Hum/Pl 8. Right and Wrong. 9 units (3-0-6); offered by announcement. This course addresses the question “Where do moral ideas come from and how should they guide our conduct?” by exploring selections from the great works of moral and political philosophy—Aristotle’s Nichomachean Ethics, Plato’s Republic, Hobbes’s Leviathan, Locke’s Second Treatise on Government, Mill’s Utilitarianism, Rousseau’s The Social Contract, Kant’s Groundings for a Metaphysics of Morals, Rawls’s A Theory of Justice—as well as a variety of more modern texts and commentaries. Throughout, an attempt will be made to acquaint students with the basic elements of Western moral and political tradition: notions about human rights, democracy, and the fundamental moral equality of all human beings. This historical approach will then provide a background for the issues that frame contemporary discussions of moral and political ideas. Instructor: Philosophy staff.

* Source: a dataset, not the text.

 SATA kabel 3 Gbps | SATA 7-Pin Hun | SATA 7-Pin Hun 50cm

Hum/Pl 9. Knowledge and Reality. 9 units (3-0-6); offered by announcement. The theme of this course is the scope and limitations of rational belief and knowledge. Students will examine the nature of reality, the nature of the self, the nature of knowledge, and how we learn about the natural world. Students will be introduced to these issues through selections from some of the world’s greatest philosophical works, including Descartes’s Meditations, Pascal’s Pensées, Hume’s Enquiry Concerning Human Understanding, Berkeley’s Principles of Human Knowledge, and Kant’s Prolegomena to any Future Metaphysics. A variety of more contemporary readings will also be assigned. Instructor: Philosophy staff.

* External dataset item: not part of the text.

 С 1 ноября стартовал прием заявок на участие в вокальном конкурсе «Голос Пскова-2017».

Hum/H/HPS 10. Introduction to the History of Science. 9 units (3-0-6); offered by announcement. Major topics include the following: What are the origins of modern Western science, when did it emerge as distinct from philosophy and other cultural and intellectual productions, and what are its distinguishing features? When and how did observation, experiment, quantification, and precision enter the practice of science? What were some of the major turning points in the history of science? What is the changing role of science and technology? Using primary and secondary sources, students will take up significant topics in the history of science, from ancient Greek science to the 20th-century revolution in physics, biology, and technology. Hum/H/HPS 10 may be taken for credit toward the additional 36-unit HSS requirement by HPS majors and minors who have already fulfilled their freshman humanities requirement and counts as a history course in satisfying the freshman humanities breadth requirement. Instructor: History staff.

Hum 119. Selected Topics in Humanities. 9 units (3-0-6); offered by announcement. Instructors: Staff, visitors.